Abstract

Methoxy groups (OCH3) of plants show specific stable carbon and hydrogen isotope patterns that are used for applications in biogeochemical, atmospheric, paleoclimatic and food research. The method of choice for determining stable hydrogen and carbon isotope values of methoxy groups (δ2HOCH3 and δ13COCH3 values) is the conversion to gaseous iodomethane (CH3I) and subsequent measurement by stable isotope ratio mass spectrometry. However, comparative measurements particularly for stable hydrogen isotopes of plant methoxy groups are limited due to the lack of suitable reference materials. We have prepared three batches of powdered wood samples (birch HUBG3, beech HUBG4, and tineo HUBG5) collected from different geographical locations to serve as long-term reference materials for normalization of δ2HOCH3 but also δ13COCH3 values.
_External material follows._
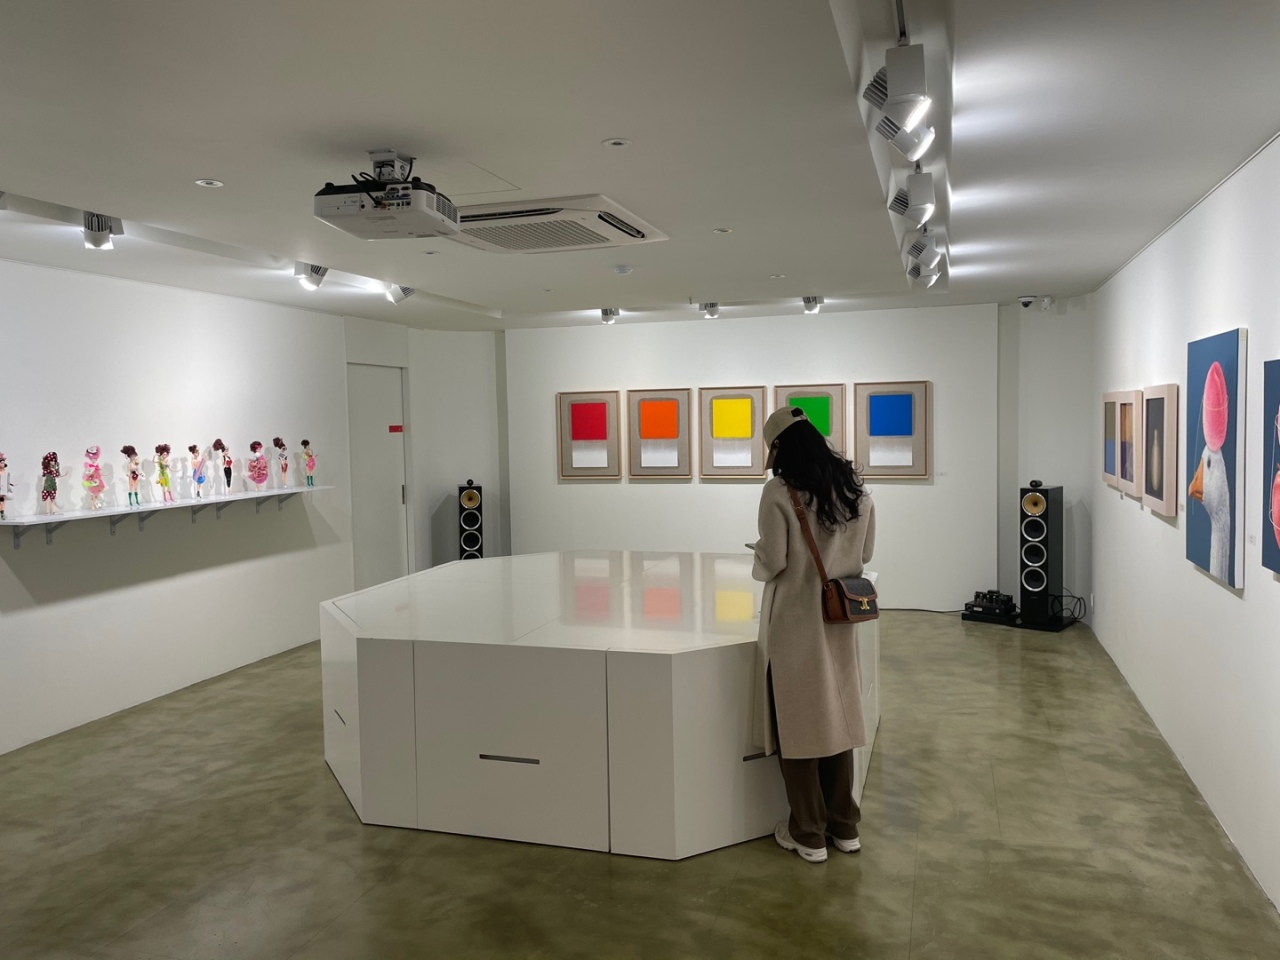 A special exhibition for Ukrainian refugees, “Art in Faith,” is taking place at Hori Artspace and AIF Lounge in Cheongdam-dong, Seoul. (Park Ga-young/The Korea Herald)

Methoxy contents of the three wood samples range between 4.7 and 5.4%. Methoxy groups from subsamples of the three homogenized wood samples were quantitatively converted to CH3I and δ2HOCH3 and δ13COCH3 values of this CH3I were calibrated against international reference substances by high-temperature conversion- and elemental analyzer isotope ratio mass spectrometry. The δ2HOCH and δ13COCH3 values of HUBG3 and HUBG4 at 1σ uncertainty calibrated to the VSMOW and VPDB isotopic δ-scale, respectively are −272.9 ± 1.5 mUr and −29.40 ± 0.13 mUr; and −239.1 ± 1.4 mUr and −30.17 ± 0.13 mUr, respectively. In addition, the calibrated δ2HOCH value of HUBG5 is −191.7 ± 0.8 mUr. Whilst the δ2HOCH3 values of the three wood samples span a relatively wide range (~−280 to −190 mUr) suitable for normalization of δ2HOCH3 values of most plant samples that have been reported so far, δ13COCH3 values are restricted to a composition (~−30 mUr) typical of wood methoxy groups. We suggest that the three investigated wood materials HUBG3–5 are ideally suited for long-term usage, inter-laboratory comparison, and together with the two recently reported methyl sulfate salts (HUBG1 and HUBG2) complete a new set of solid methoxy reference materials that cover almost the full range of plant methoxy groups reported so far. Therefore, we recommend replacing liquid CH3I and instead use the solid reference materials set HUBG1–5 for normalizing δ2HOCH3 and δ13COCH3 values to the respective δ-scales.